*Exercise goal*: Your answer must be an exact transcription of the data, with every picture omitted.
═══ Given material
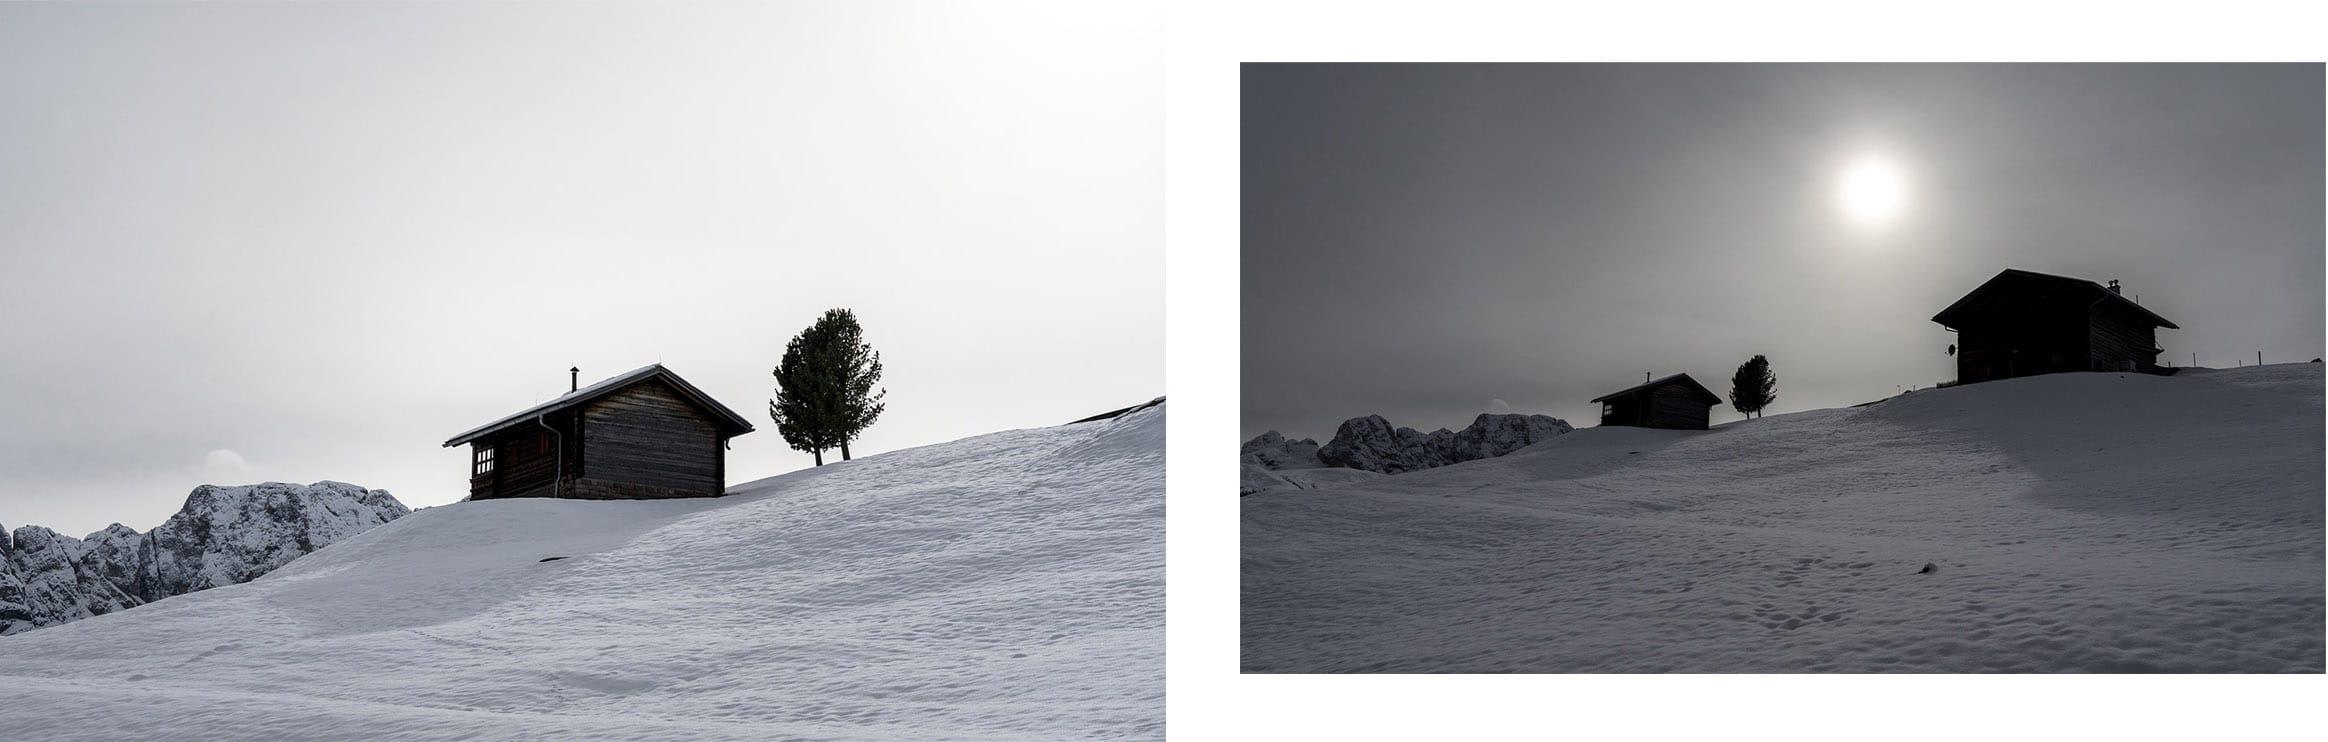 Cabane neige arbre
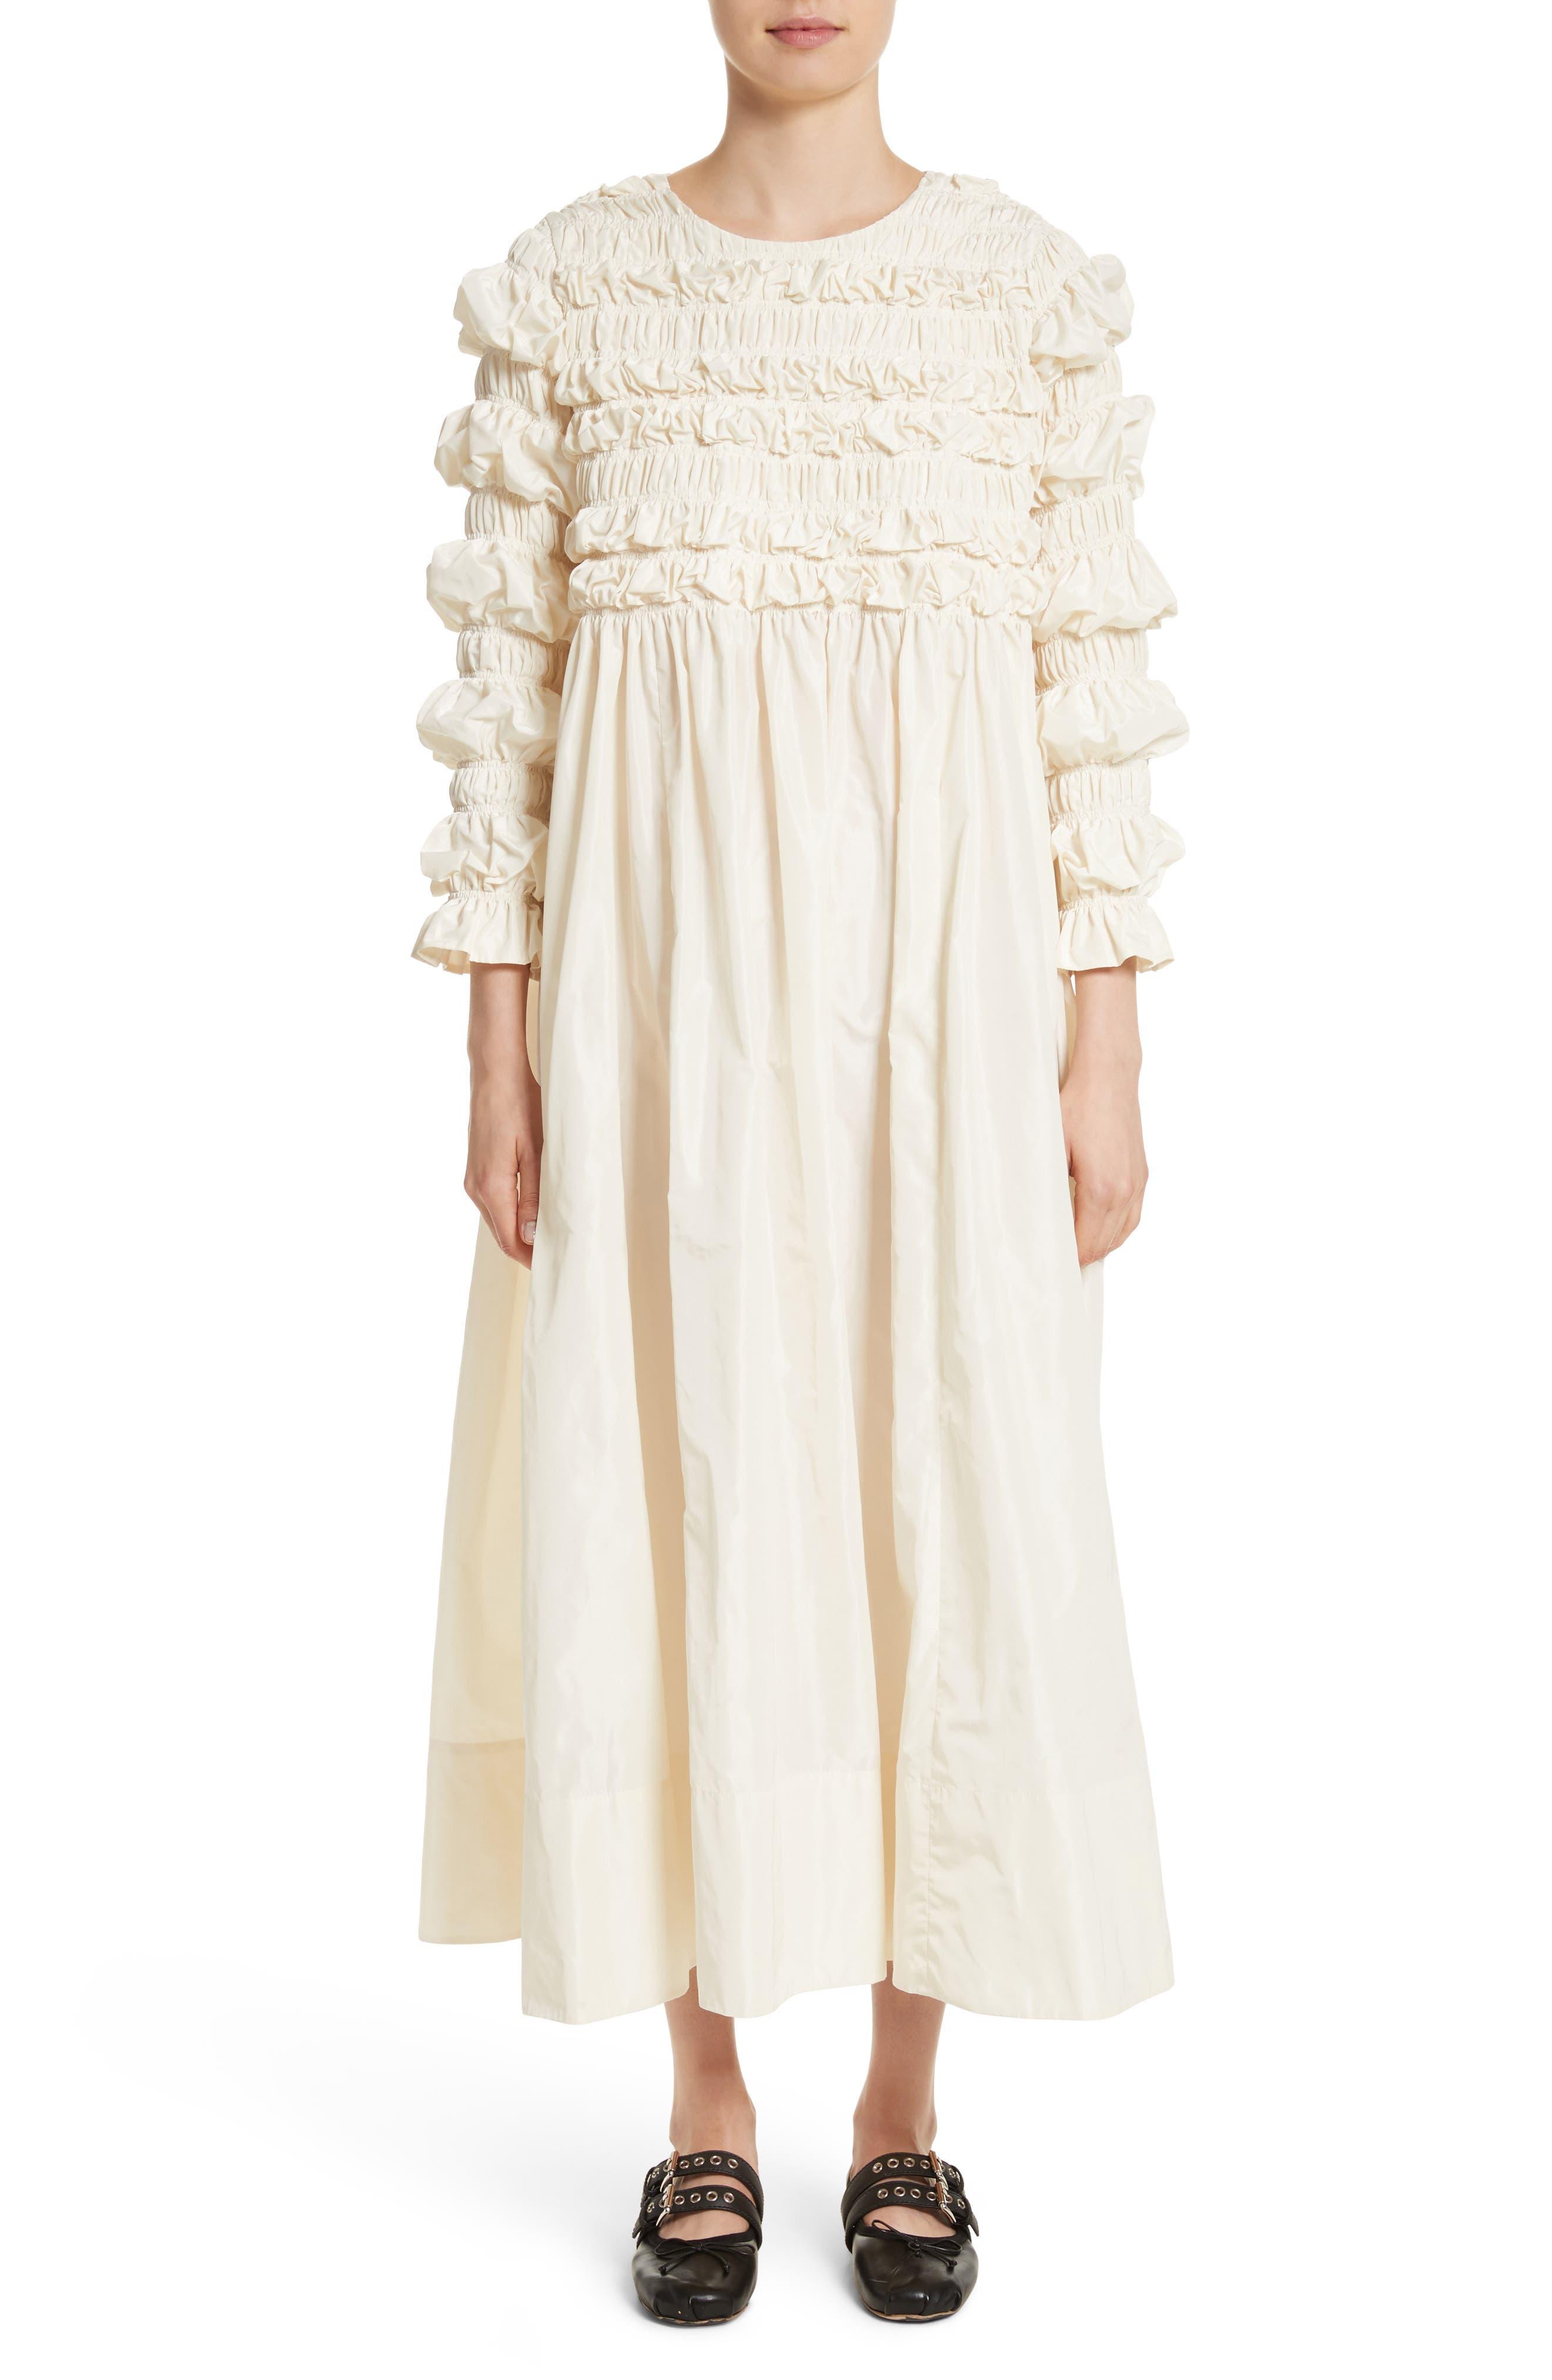 Alternate Image 1 Selected - Molly Goddard Lizzie Ruffled Taffeta Dress
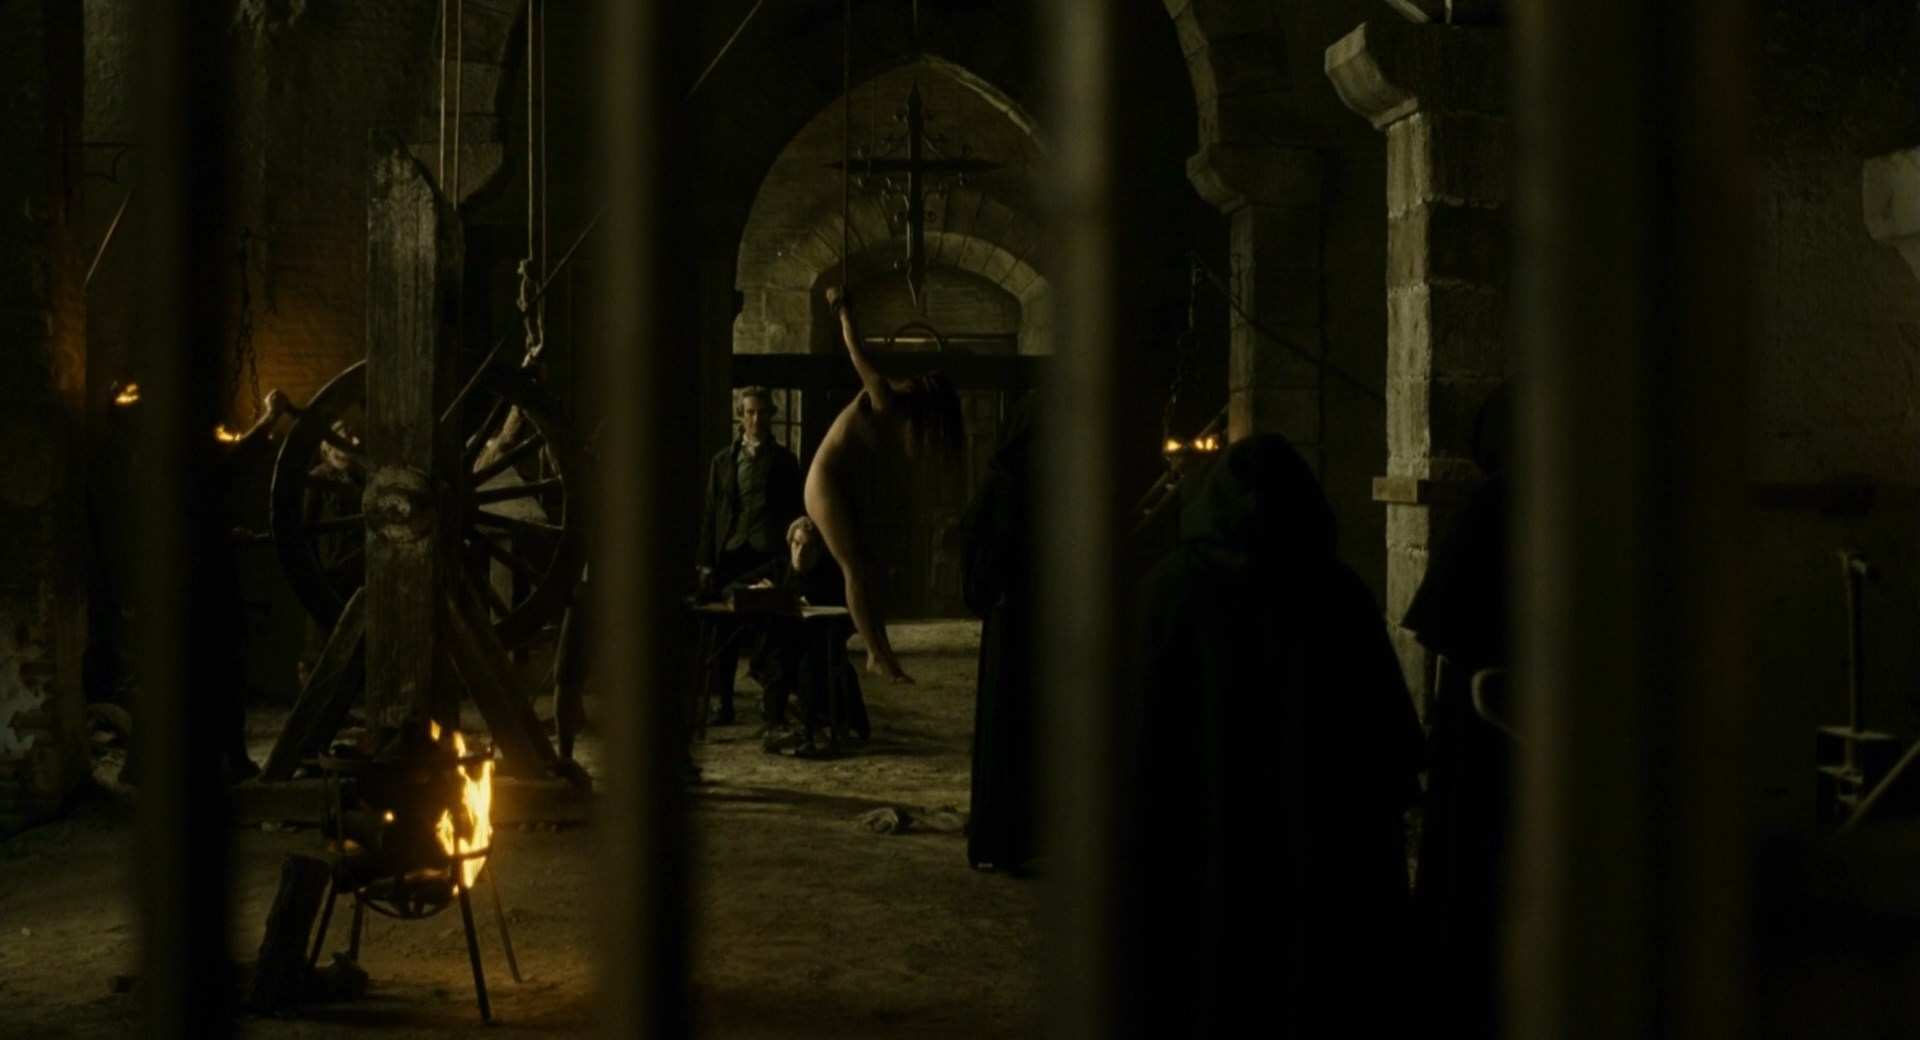 Natalie portman nude scene goyas ghosts series - 2019 year
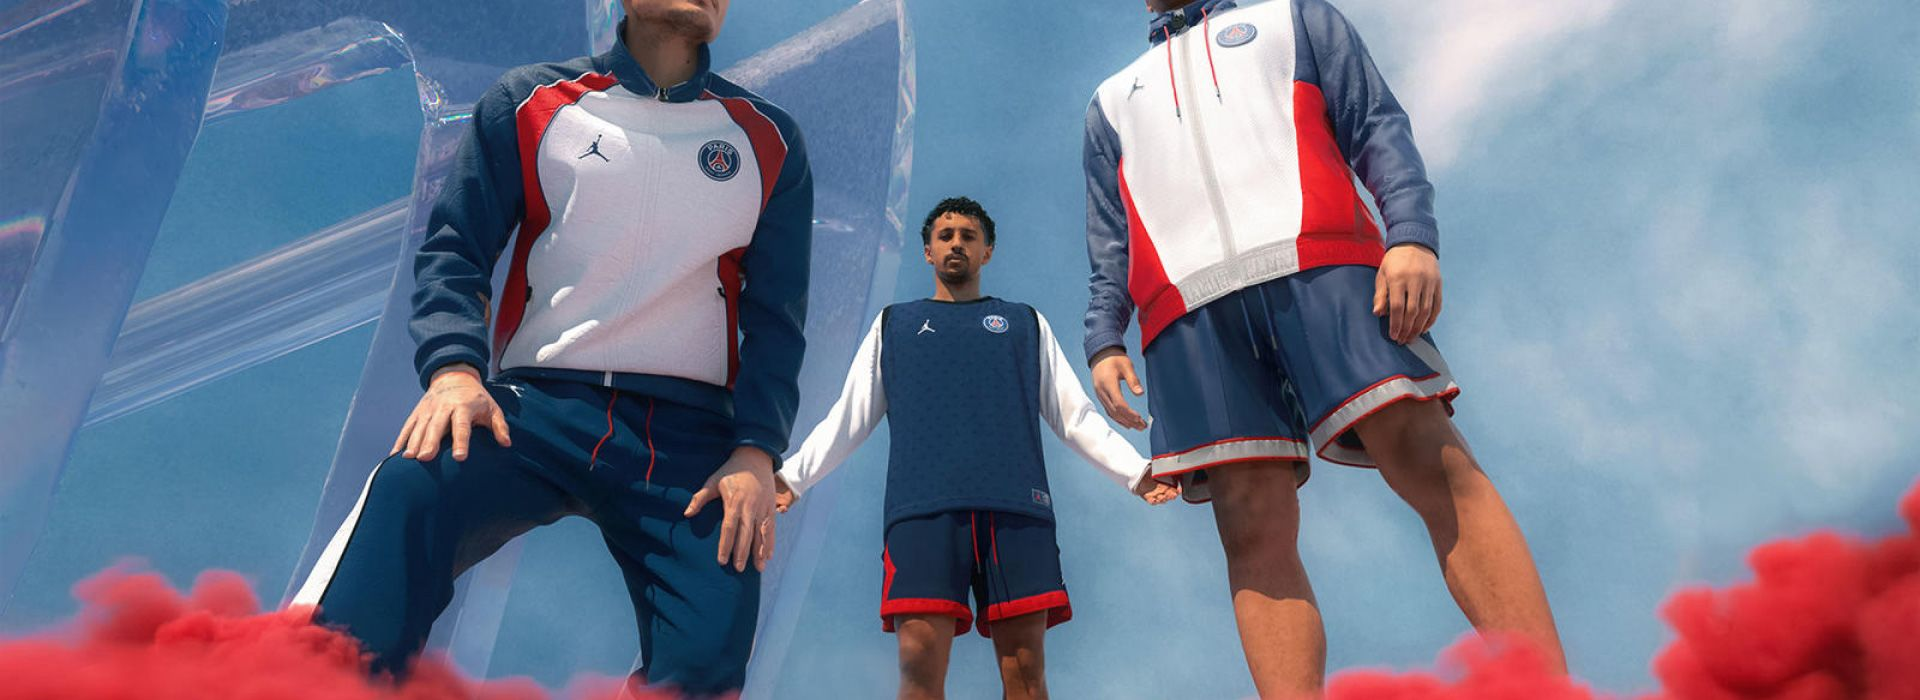 moda deportiva para todos
══════
*Result of this exercise*:
 Cabane neige arbre
 Alternate Image 1 Selected - Molly Goddard Lizzie Ruffled Taffeta Dress
 Natalie portman nude scene goyas ghosts series - 2019 year
 moda deportiva para todos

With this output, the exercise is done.